Details
-
Bug
-
Resolution: Fixed
-
Critical
-
Lustre 2.5.0
-
3
-
10999
Description
This issue was created by maloo for Nathaniel Clark <nathaniel.l.clark@intel.com>
This issue relates to the following test suite run: http://maloo.whamcloud.com/test_sets/04c602fa-3258-11e3-9de6-52540035b04c.
The sub-test test_24d failed with the following error:
Cannot send HSM request (use of /mnt/lustre2/d0.sanity-hsm/d24/f.sanity-hsm.24d): Read-only file system
:
:
CMD: wtm-27vm3 /usr/sbin/lctl get_param -n mdt.lustre-MDT0000.hsm.actions | awk '/'0x200008101:0x1f:0x0'.*action='ARCHIVE'/ { print $13 }' | cut -f2 -d=
Update not seen after 100s: wanted 'SUCCEED' got 'WAITING'
sanity-hsm test_24d: @@@@@@ FAIL: request on 0x200008101:0x1f:0x0 is not SUCCEED
Info required for matching: sanity-hsm 24d
Hello Jian, humm looks different I think, at least because in all cases you noticed the copytool_log is not present for test_24d !

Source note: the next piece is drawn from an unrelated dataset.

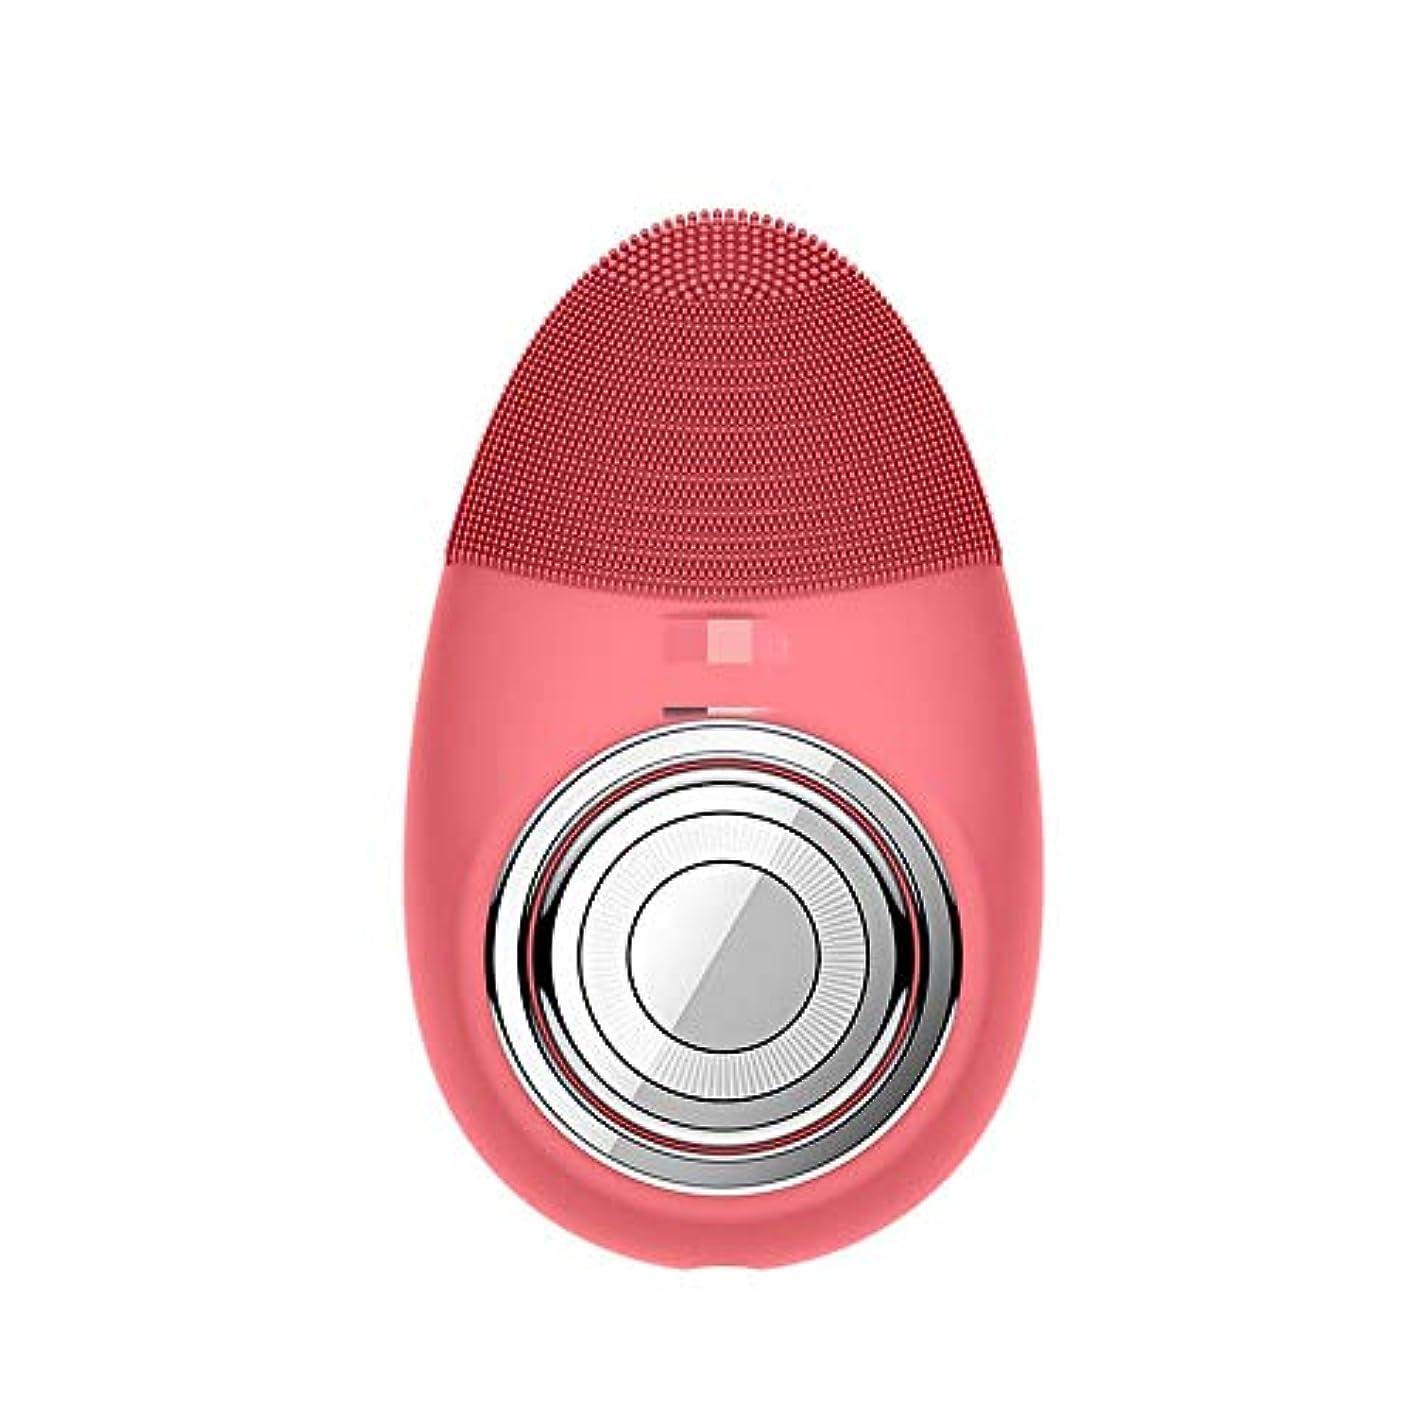 すり減る無心識別するChaopeng 多機能電気恒温シリコーンクレンジング楽器赤灯肌清潔毛穴クリーナー輸入機器美容機器 (Color : Red)
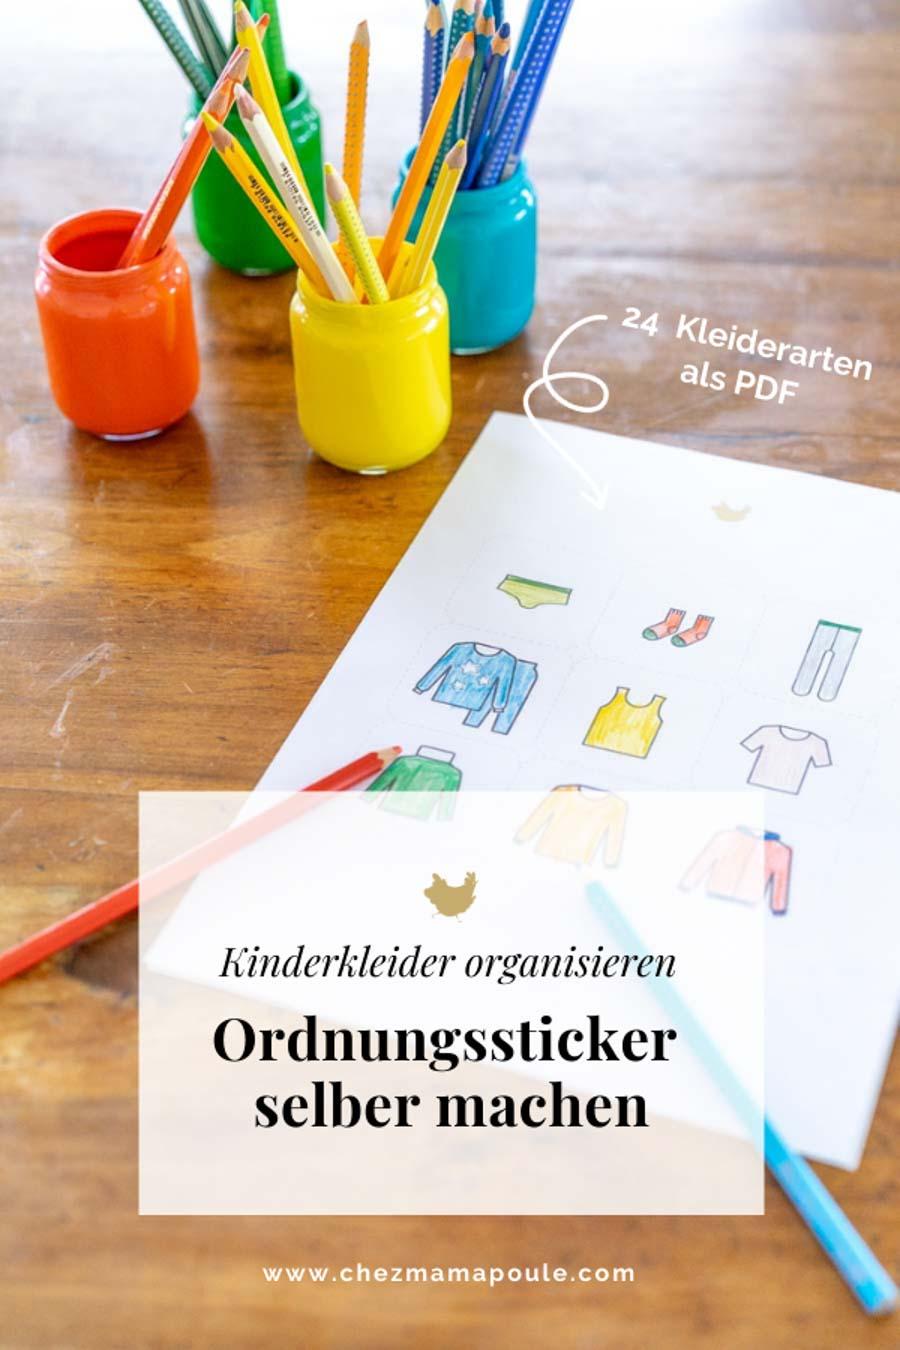 Montessori Druckvorlagen // Kleideretiketten Kinderzimmer download. Aufräumen mit Freude unter: chezmamapoule.com

And if I look precisely into the logs/msgs, "Wakeup copytool agt1 on ..." should not be printed after a successfull copytool_cleanup, from previous sub-test, and copytool_setup, within new sub-test, in sequence because the implied "pkill" command should have fail if no copytool thread from previous sub-test can be found after its stop/kill in copytool_cleanup.
So a possible scenario is that some copytool thread from previous test_24c sub-test must be somewhat stuck and still not terminated at the time test_24d tries to restart copytool ... But finally dies, and in fact we may finally run test_24d with no copytool started !
So this should be addressed in a new ticket, and the fix should be to ensure full death of ALL copytool threads in copytool_cleanup().
If you agree, I will create ticket, assign to myself, add you in watchers list, and push a fix soon.